# Sex after the EA...



## mrsbroken (Sep 23, 2009)

I am not sure if this is the right place to post this but most people that reads this forum may know my story. I am not sure if hubby has ever had sex with the OW said that he didn't and I am trying to trust this not sure if this is 100% true. The last couple of days he has been acting werid. Not really talking just coming home from work eating then looking online and then going to bed. For the past couple mths when I try to have sex with him he has made excuses why he doesn't want to have sex. Tried, doesn't feel good or just we will play in the morning(which we do not do) He says he loves me or he wouldn't be here but we are only having sex once every 3-4days. Is that normal or is it me? Tues night I told him I feel used that the only time we have sex is when he wants it I was crying then we had what I call pity sex. I am hating our sex life now when he was having his EA the sex never stoped was great as it had ever been. Any ideas what I can do?


----------



## HopeinHouston (Mar 1, 2010)

How long ago did you find out about the OW? Based on what you say, that 'during' his EA you were having lots of great sex and now not so much, it sounds to me like he is still holding on in some way to the OW, or at least holding out of getting fully involved with you. 

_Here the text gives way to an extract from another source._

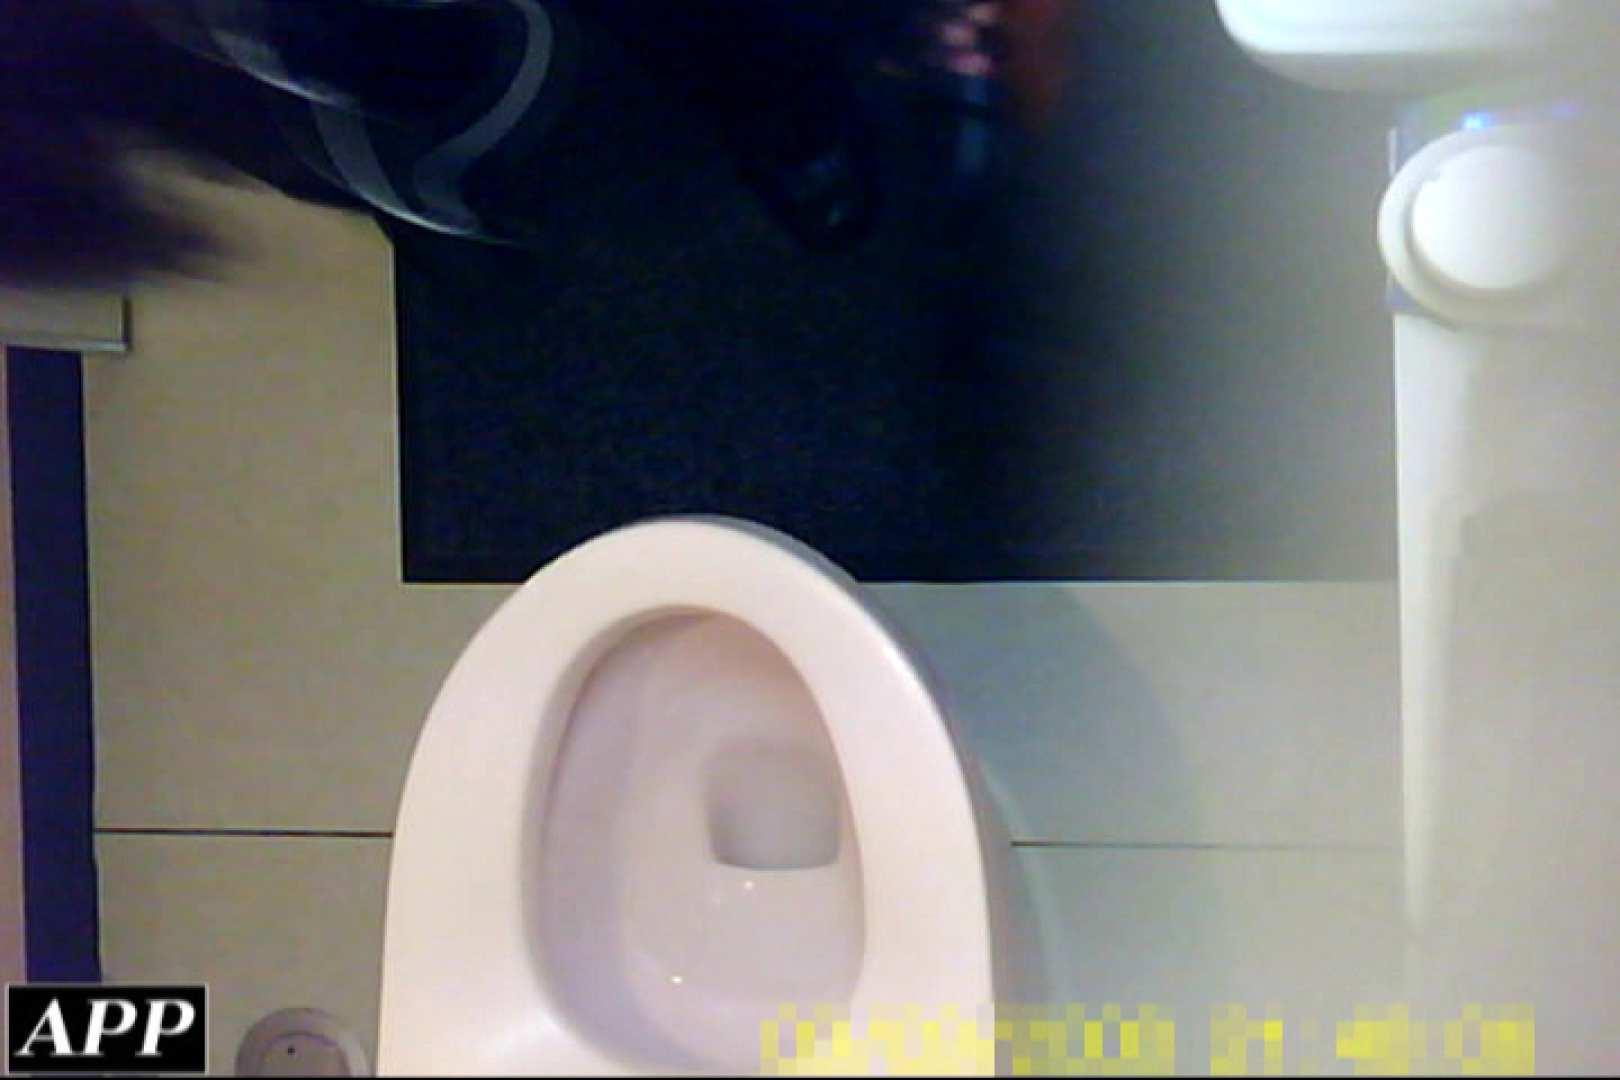 3視点洗面所 vol.09 盗撮で悶絶 セックス無修正動画無料 106画像 39

My marriage was the same way. My sex life had been great during the 2 years that my wife was having an EA. When I found out and everything came out there was about a 5-6 week period where she was in limbo, still kind of hanging on to the OM, or at the very least, not fully commiting to us yet. Once we got past that point though, and she really opened up to me it has been incredible - better than ever. In fact in March alone we had sex like 22 times ... it's a _little_ less frequent than that this month, but still it has been a very good month. 

As far as advice I can give, it would be mostly to keep working on the marriage and as things heal he should open back up to you I would expect. I don't know what else to say other than I am sorry, and I hope that it works out.


----------